Correction Statement
This article has been republished with minor changes. These changes do not impact the academic content of the article.
Notes
1. Notably, in contrast to the experiences of such liberal democratic states, some armed groups have often more genuinely embraced women in these roles. Guerilla forces in Latin America, for example, express more concern about class consciousness than about gender, and their experiences on the ground in hostile contexts have demonstrated that women were often observed as ‘coping better’ than their male colleagues (Ortega, L.M.D.2012. “Looking Beyond Violent Militarized Masculinities: Guerilla Gender Regimes in Latin America”. International Feminist Journal of Politics. 14: 489-507). The infamy and effectiveness of female Kurdish fighters, rendered more rather than less potent by their gender in the fight against ISIS, also demonstrates that acceptance of women in combat can differ according to context (Aragones Citation2020), but it is also clear that in many countries resistance to women in combat roles remains.

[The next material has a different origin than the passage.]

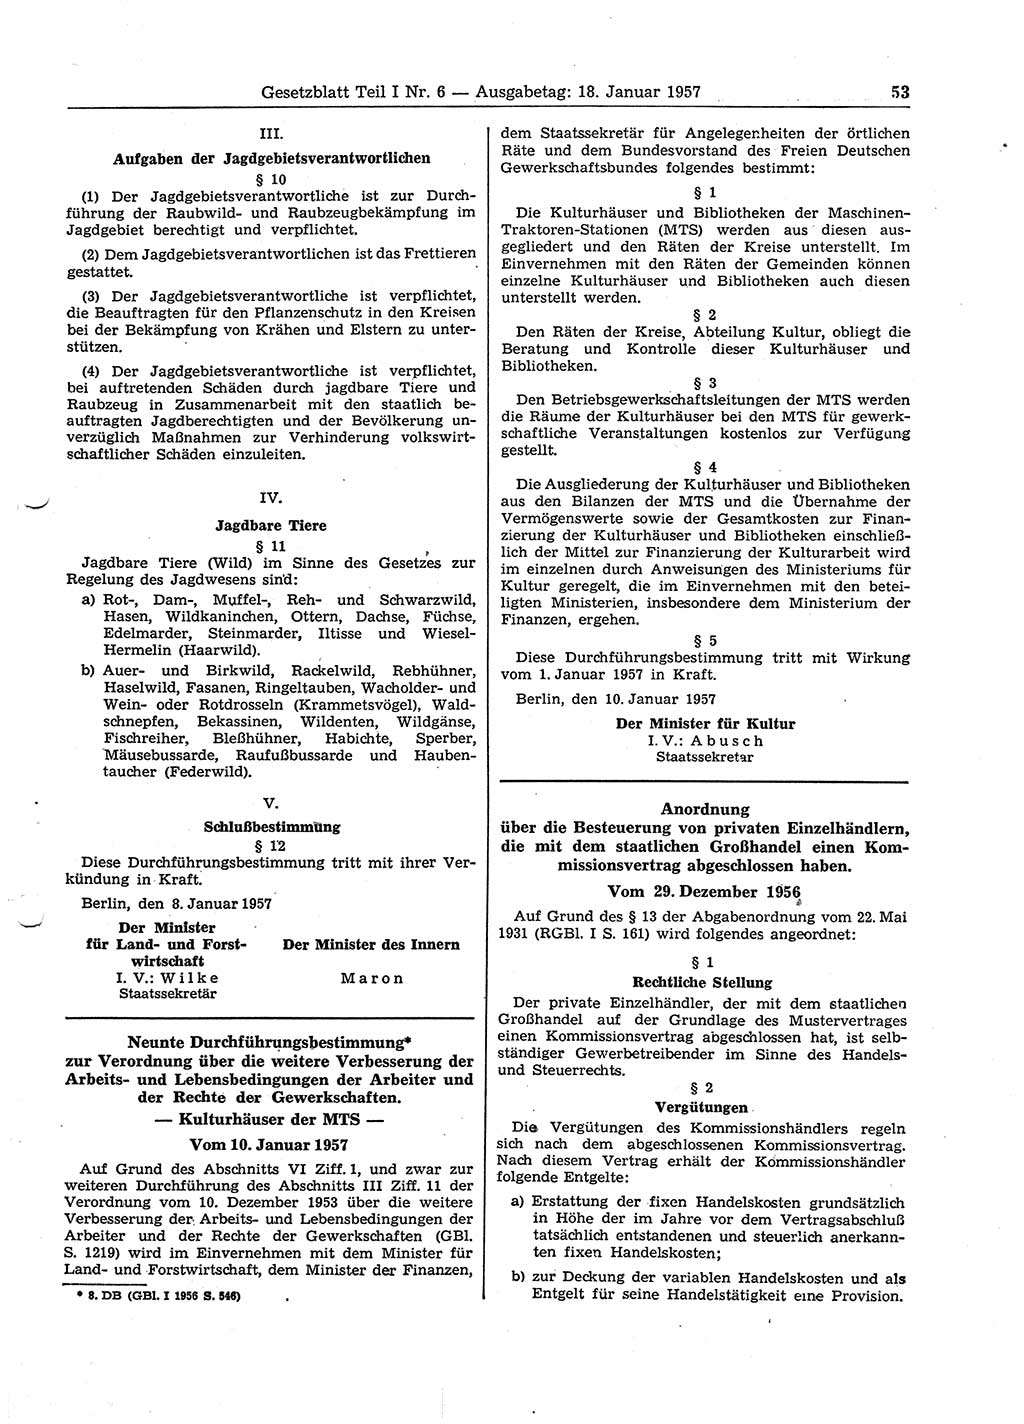 Gesetzblatt (GBl.) der Deutschen Demokratischen Republik (DDR) Teil Ⅰ 1957, Seite 53 (GBl. DDR Ⅰ 1957, S. 53)

2. It is also not unimportant that COVID-19 has also brought increased rates of domestic violence and disproportionate job losses for women too.
3. Discussions with military women over many years of research has revealed an informal, anecdotal finding that was nonetheless often repeated: a number of military women marry early, and often to military men, to remove themselves from being sexually available.
4. Manne (2018: 121–6) provides examples of ‘family annihilators’ where men who have lost status take out their shame by killing their families.